A Brief History of Containers

02 Apr 2020 - Richard Horridge

2020-04-02 Thu 12:52

This post is a summary of the talk I gave at Docker Birmingham March 2020 - if you are interested in Docker or container / cloud technologies in general I would encourage you to come along!

Introduction

Why do we want to use containers? They can provide a reproducible environment for running our applications, ensuring that they behave the same way in development as in production. Containers can handle applications with differing versions of libraries, which may otherwise be difficult to install on the same system. Containers also allow independent packages of software to run in isolation from others, which allows a software project to be considered as a number of units rather than as a monolith.

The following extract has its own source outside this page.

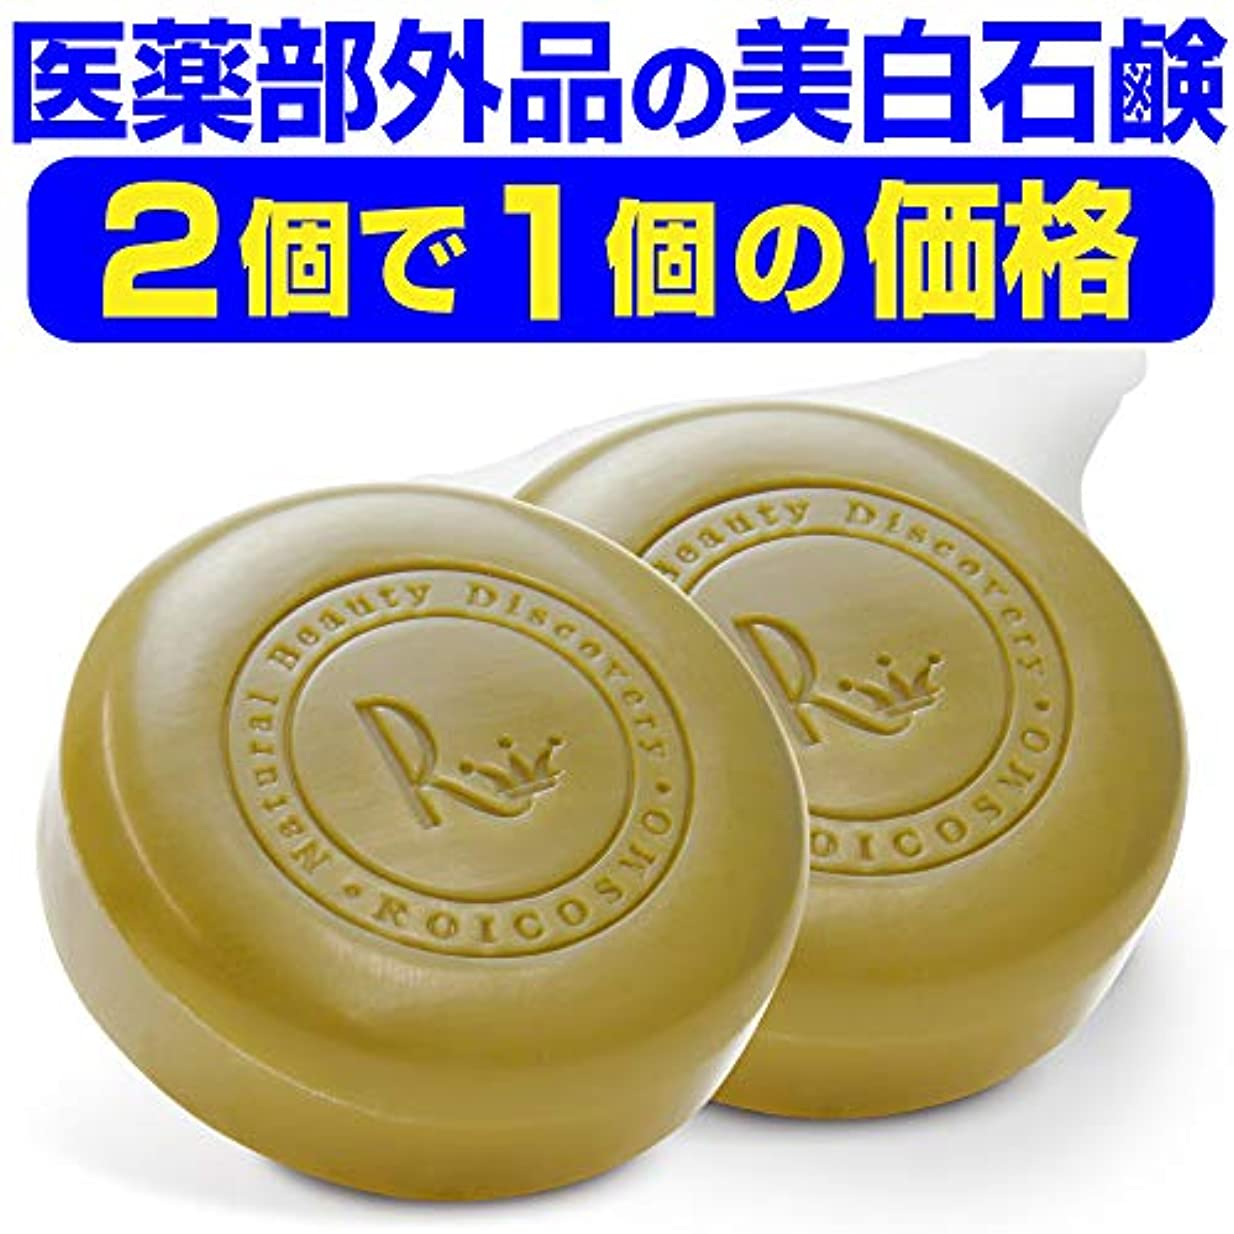 チャールズキージングデザイナー故国2個まとめ買い9%OFF 美白石鹸/ビタミンC270倍の美白成分配合の 洗顔石鹸 固形『ホワイトソープ100g×2個』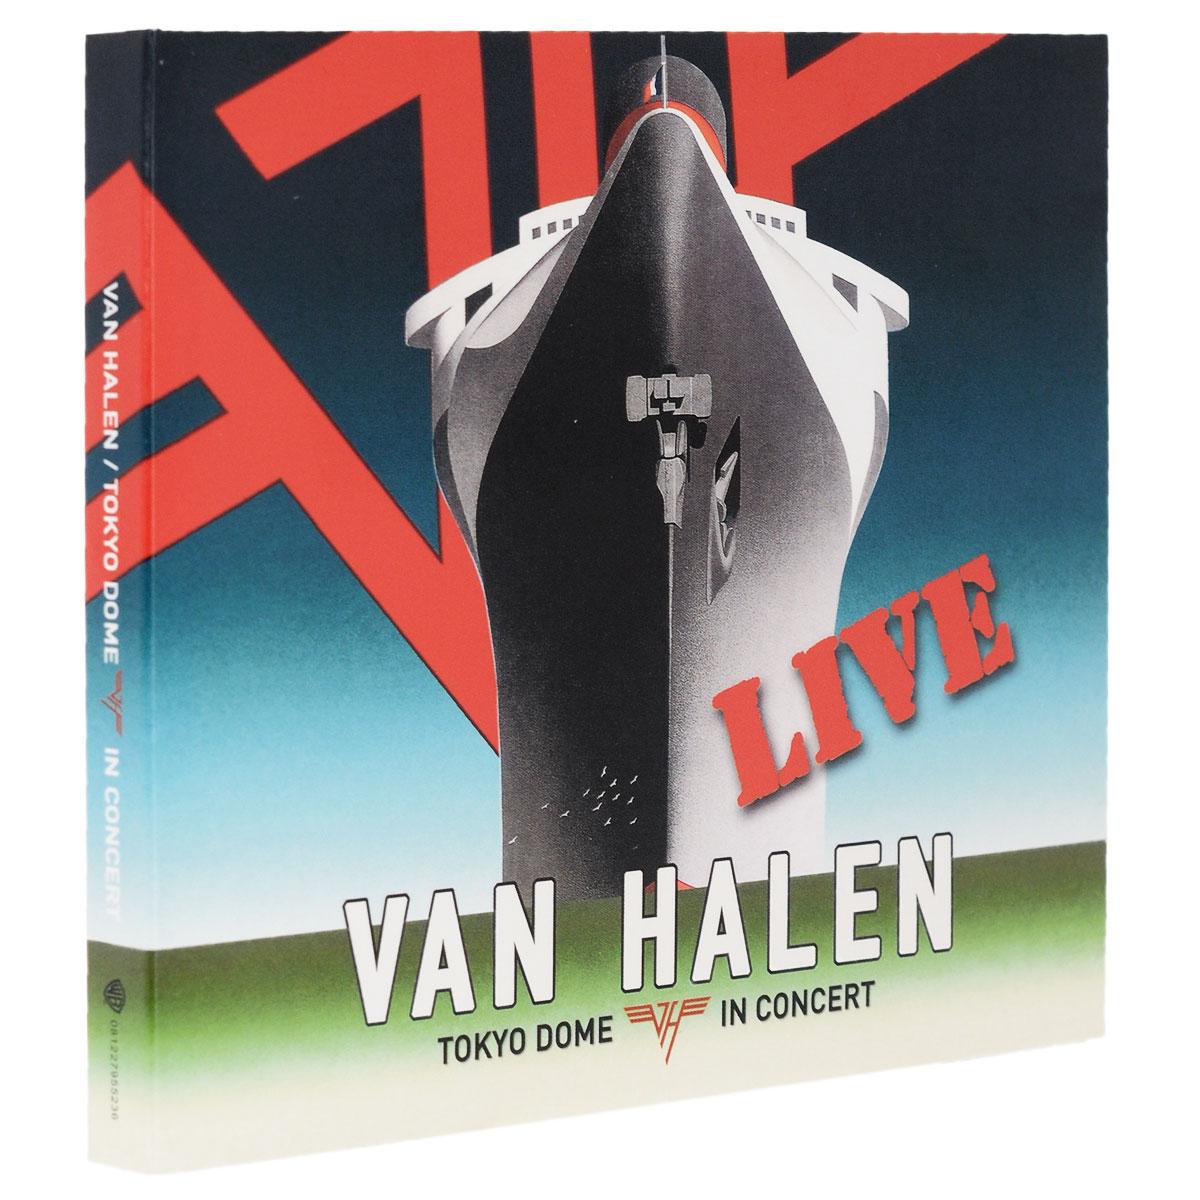 Van Halen Van Halen. Tokyo Dome In Concert (Live) (2 CD) гладиатор live in concert 2018 02 22t19 30

Shared and Static Libraries

Libraries that the postgres binary depends upon

As an example, consider dynamic libraries. Each of these files contains functions that can be used by many different applications. However, different applications may depend on different versions of a library and installing them together may not work well.

ICU is for Unicode
LibC is fairly self-explanatory
libstdc++ - C++ standard library
Libresolv is for DNS queries
libssl / libcrypto
libxml2
libpam for authentication
librt - POSIX realtime extension
libdl - dynamic linking (mostly unused as it is in libc)

A statically-linked executable

All library functions can be included in the executable file through static linking. This removes any issues with different library versions!

Lots of duplications!

As you can see, a statically linked binary is quite large! If every application was statically linked, they would take up a huge amount of space on a system.

Back to the 1950s / 60s

The processor unit of the IBM System/360 Model 30 (© ArnoldReinhold CC-BY-SA-3.0)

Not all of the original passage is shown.